DATA SUPPLIED Block Start

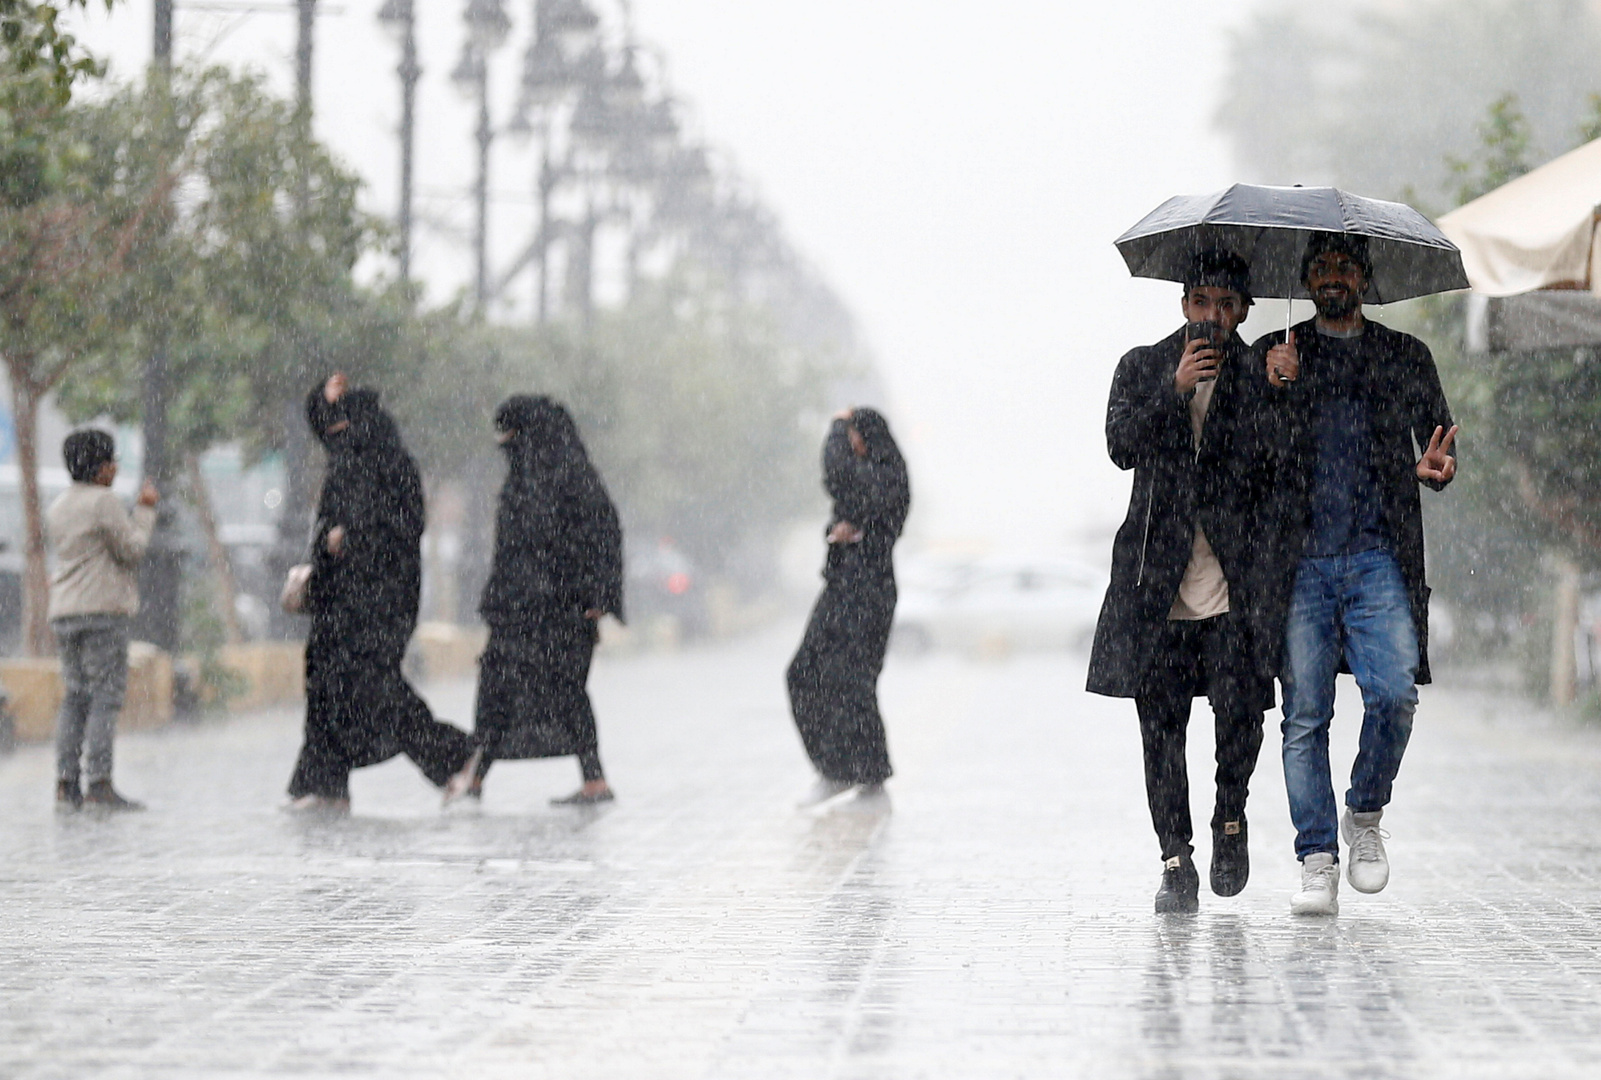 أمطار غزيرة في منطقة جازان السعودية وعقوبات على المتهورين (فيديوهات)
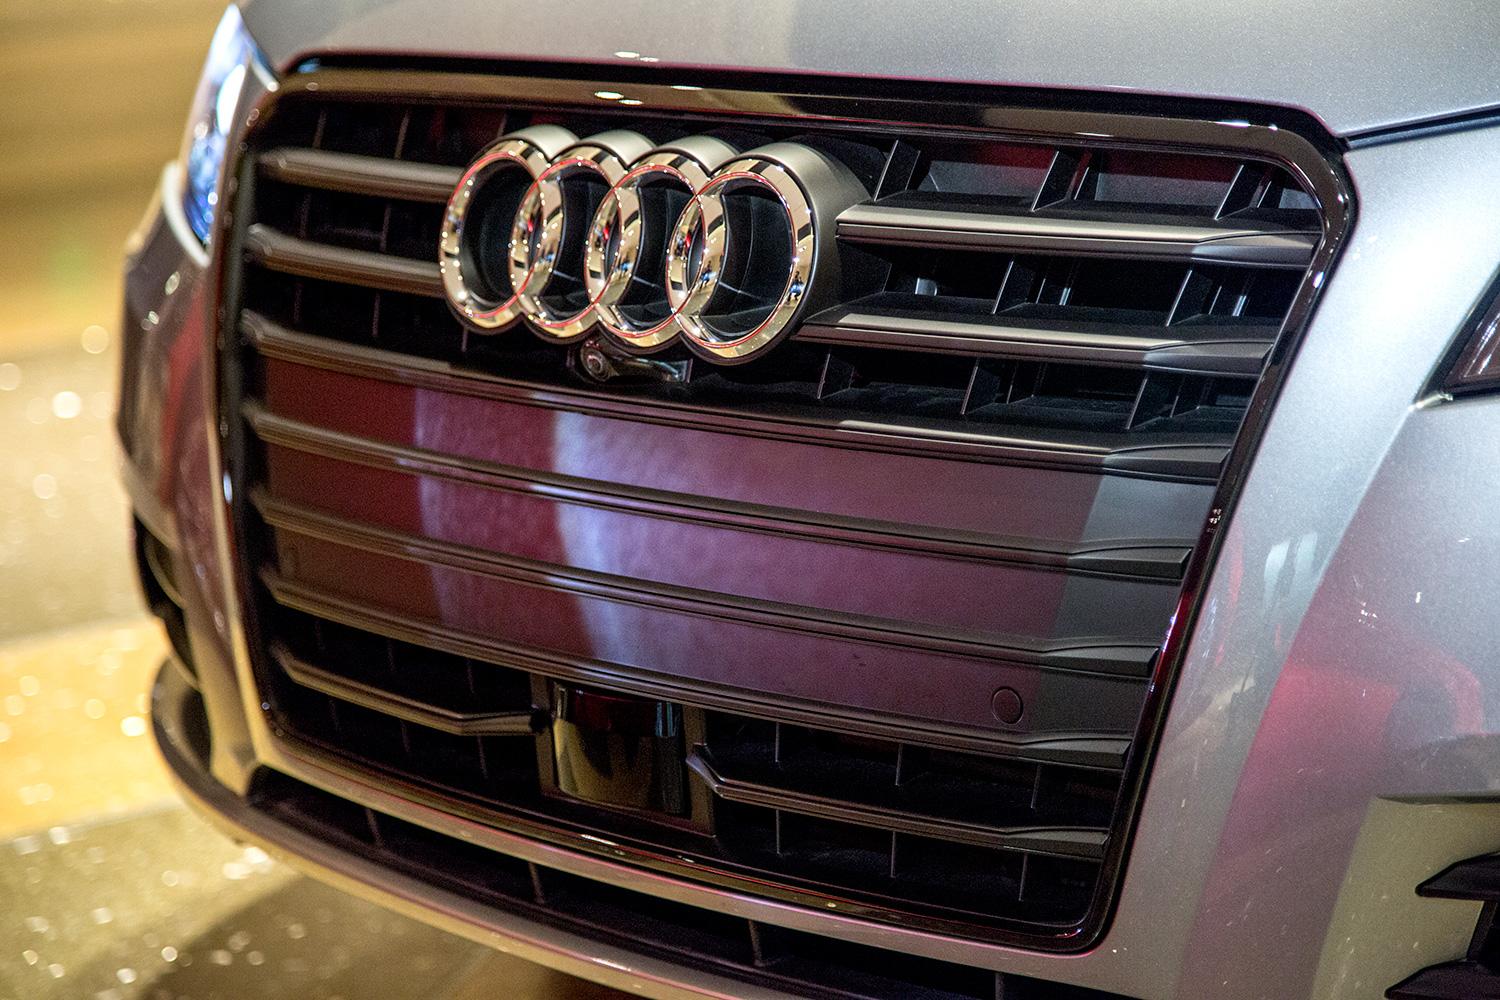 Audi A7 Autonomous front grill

DATA SUPPLIED Block End
DATA SUPPLIED Block Start

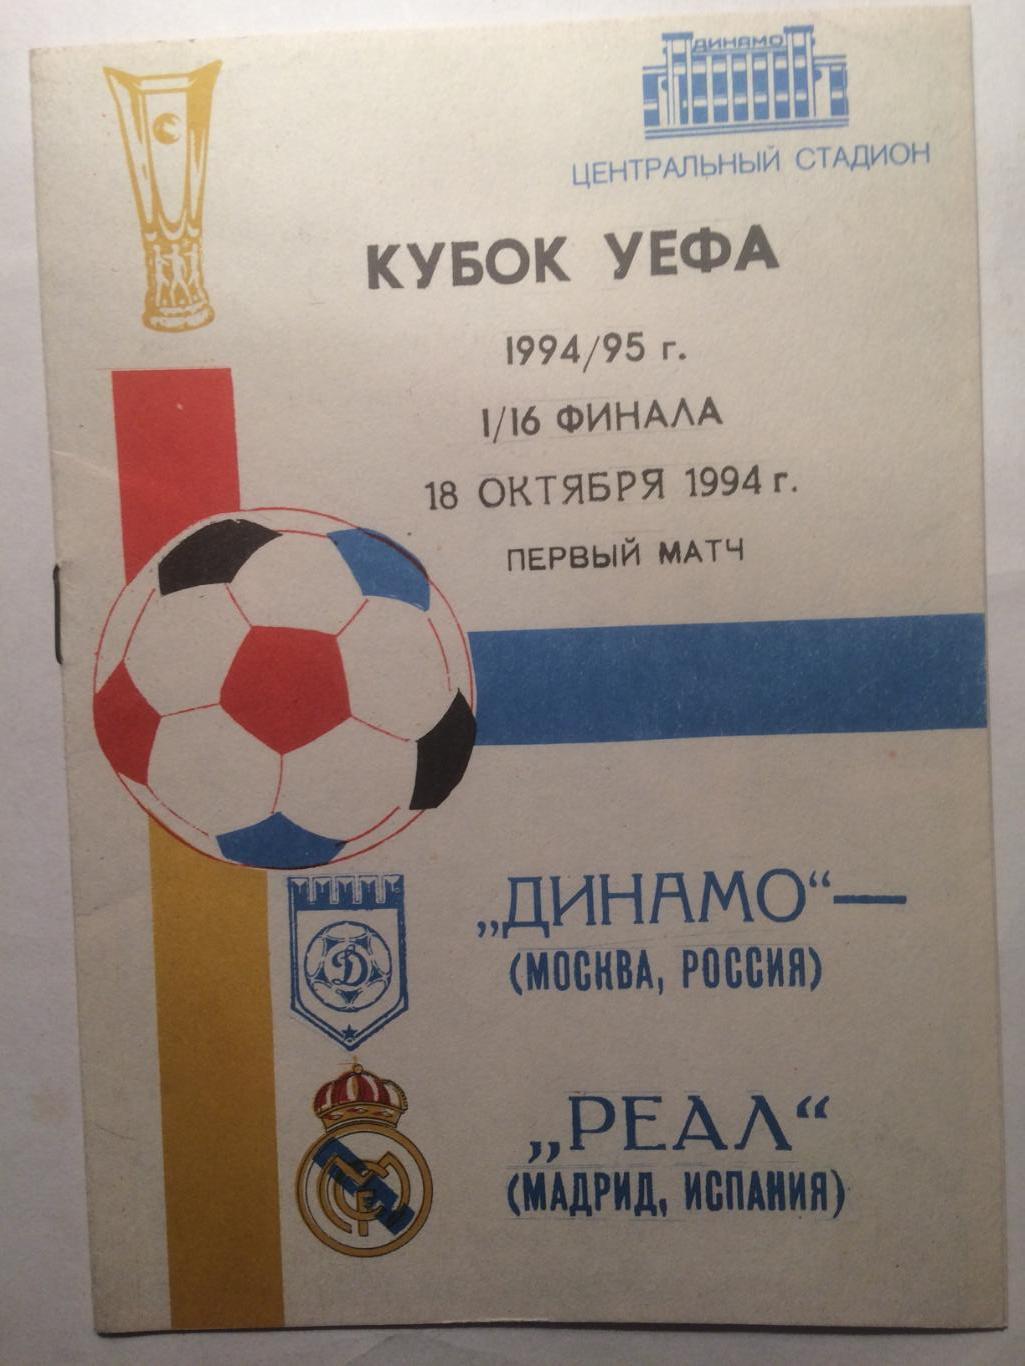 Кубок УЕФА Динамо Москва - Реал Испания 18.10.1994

DATA SUPPLIED Block End
DATA SUPPLIED Block Start

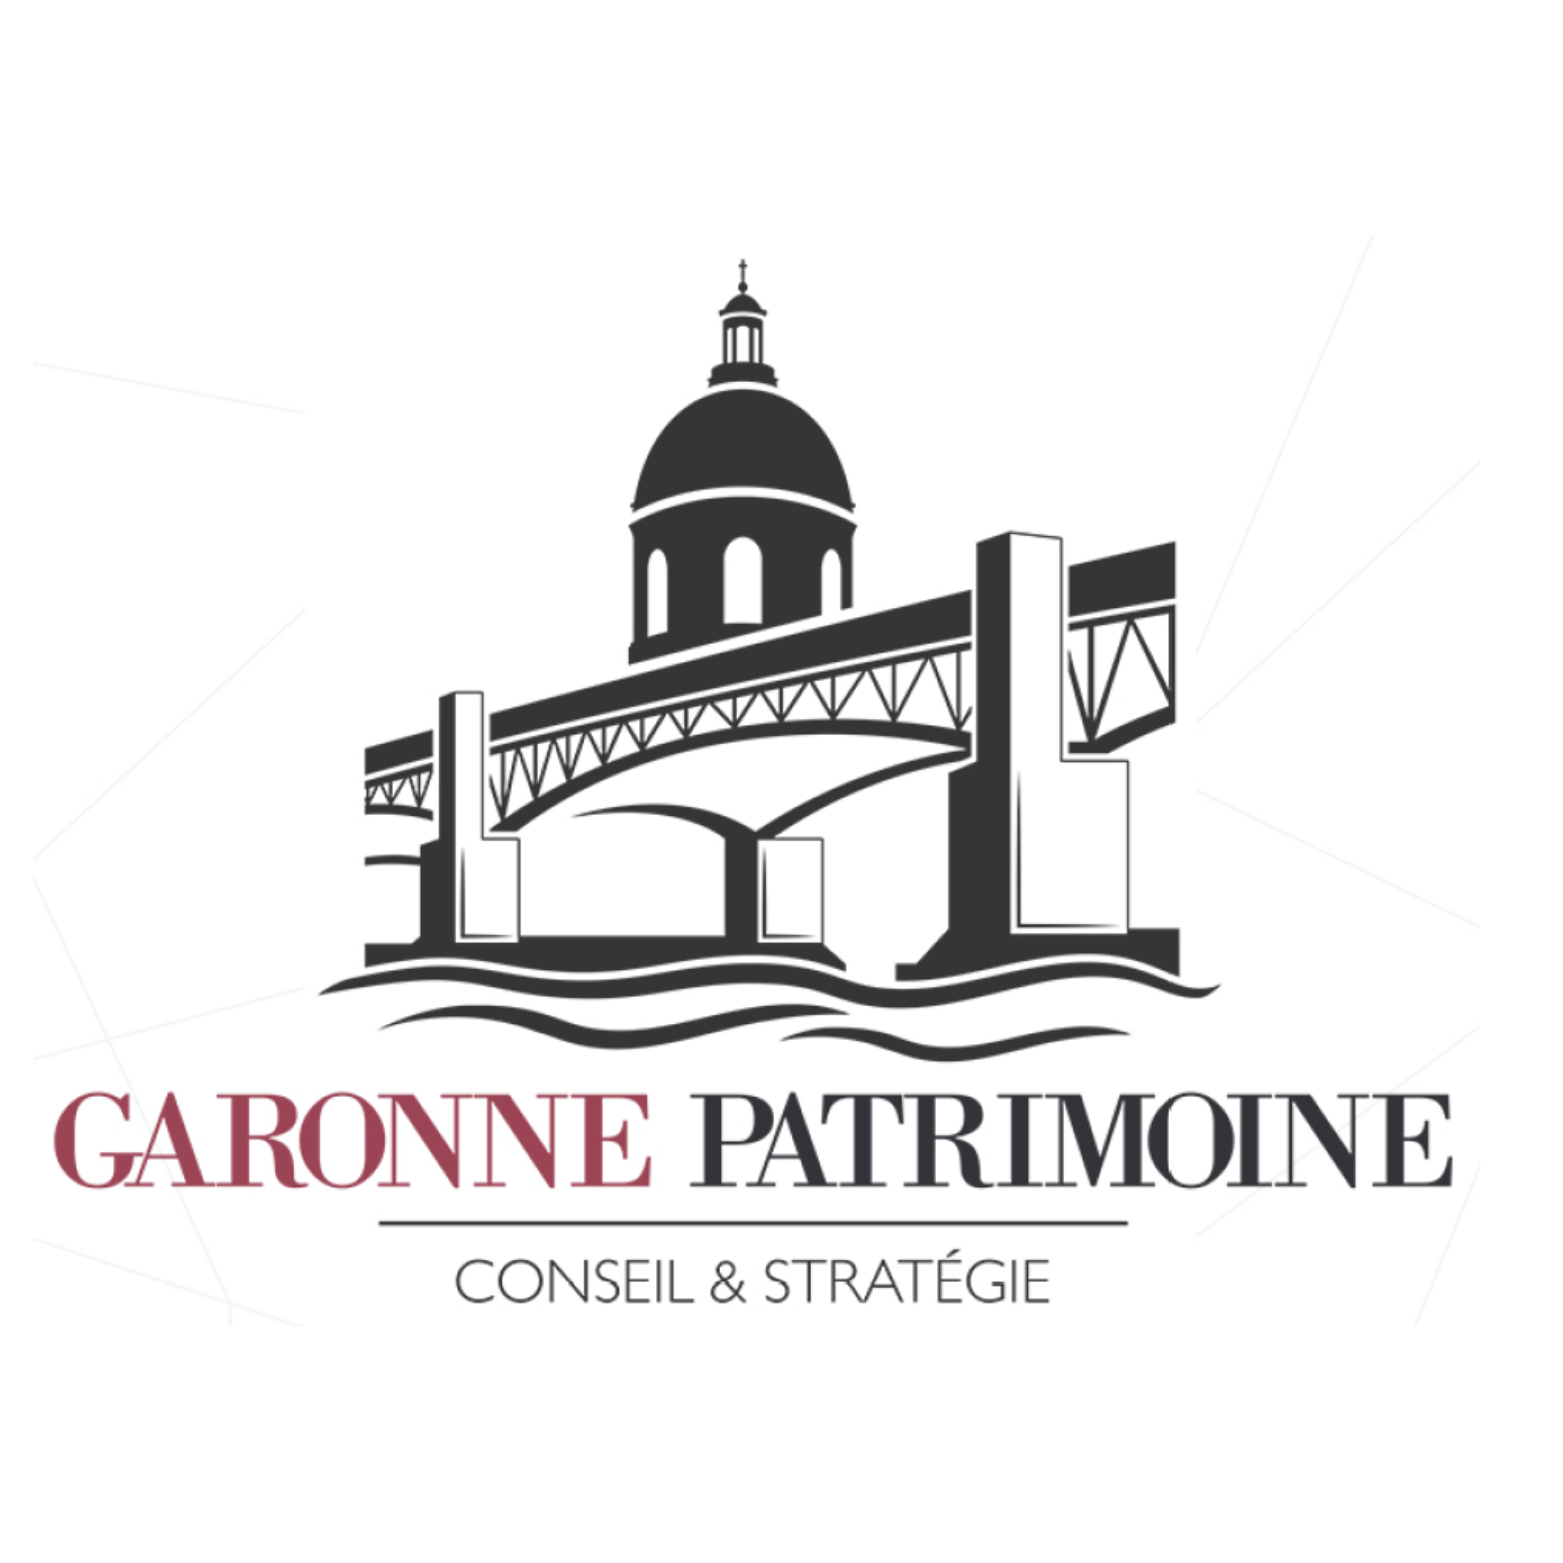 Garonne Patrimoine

DATA SUPPLIED Block End

TO DO: Copy only the lines above from the one containing "أمطار غزيرة في" through the one containing "Audi A7 Autonomous front grill", both included. Leave out the pictures.

RESULT OF THE EXERCISE:
 أمطار غزيرة في منطقة جازان السعودية وعقوبات على المتهورين (فيديوهات)
 Audi A7 Autonomous front grill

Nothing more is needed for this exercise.